Would you reproduce exactly the lines below from the one holding "Imagem: Acervo O" through the one holding "51200 Tapis turc", inclusive, and no others?

===== Extracted records =====

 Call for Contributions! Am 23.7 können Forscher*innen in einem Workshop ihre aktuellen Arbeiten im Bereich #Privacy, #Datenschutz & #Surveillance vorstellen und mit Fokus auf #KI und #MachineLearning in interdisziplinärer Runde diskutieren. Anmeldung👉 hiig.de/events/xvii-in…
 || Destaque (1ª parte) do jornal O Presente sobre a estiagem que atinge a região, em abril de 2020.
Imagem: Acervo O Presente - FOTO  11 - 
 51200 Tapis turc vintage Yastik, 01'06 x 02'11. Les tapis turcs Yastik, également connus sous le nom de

=====
===== Extracted records =====

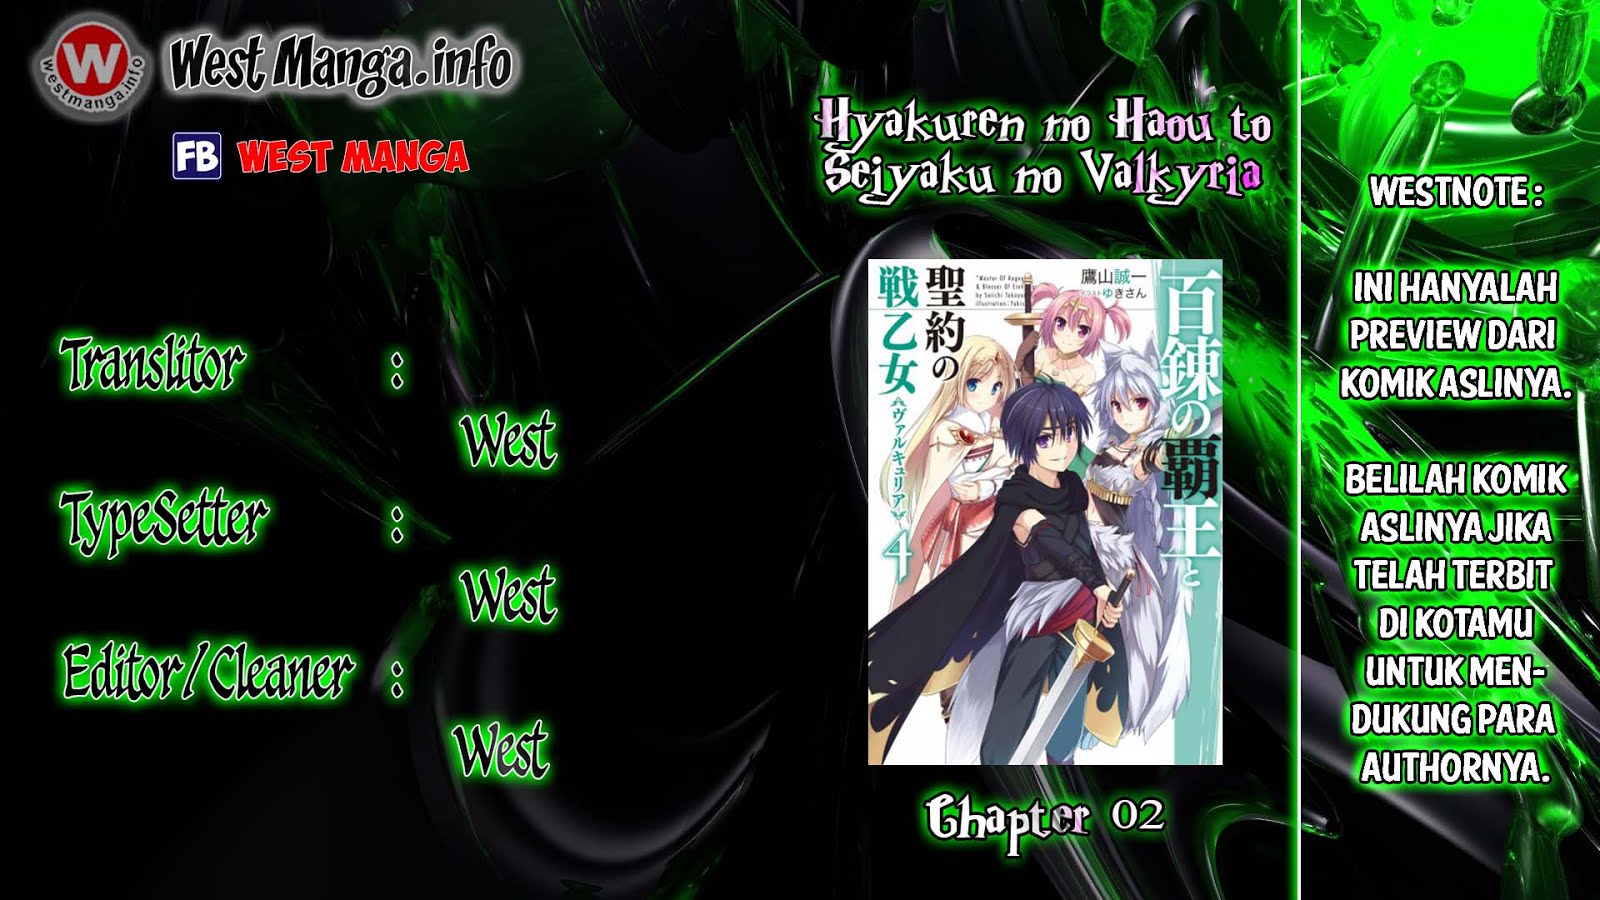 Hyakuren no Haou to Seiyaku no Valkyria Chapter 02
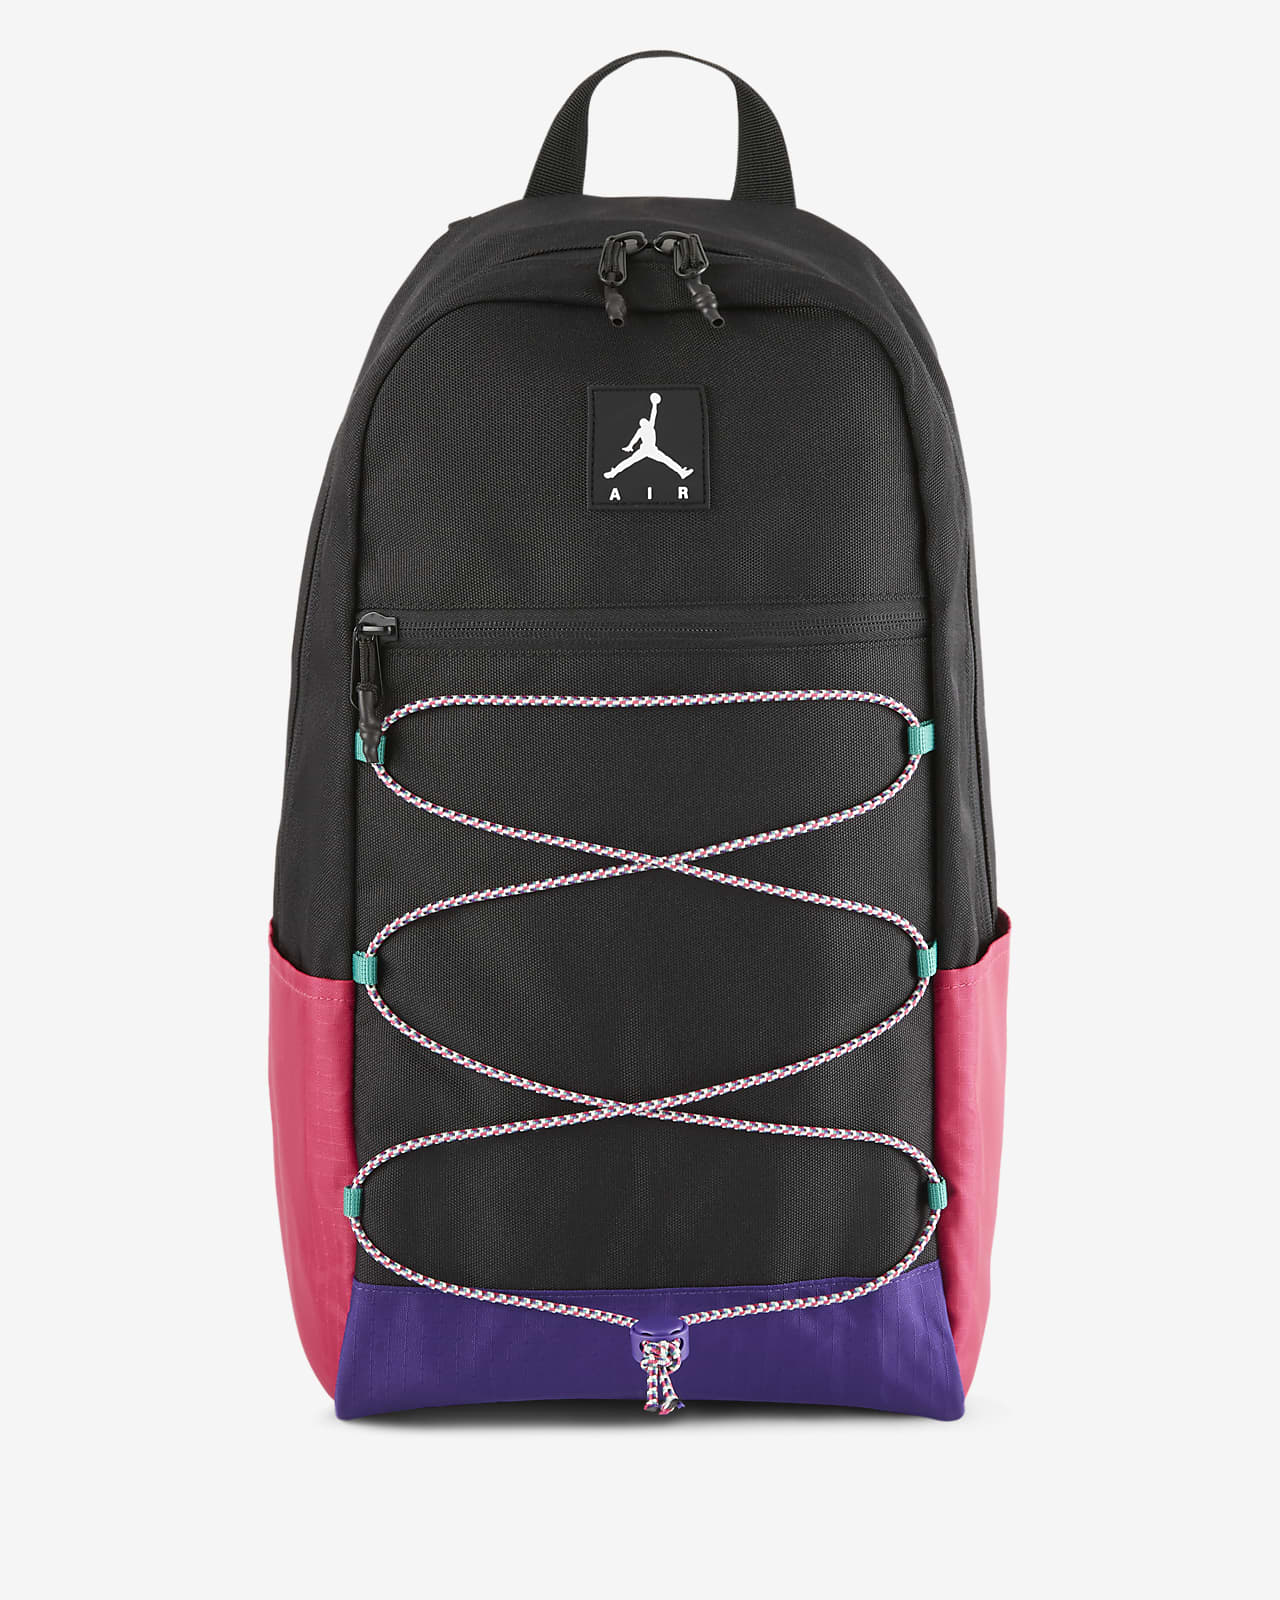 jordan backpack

=====

Solution for this problem
Imagem: Acervo O Presente - FOTO  11 - 
 51200 Tapis turc vintage Yastik, 01'06 x 02'11. Les tapis turcs Yastik, également connus sous le nom de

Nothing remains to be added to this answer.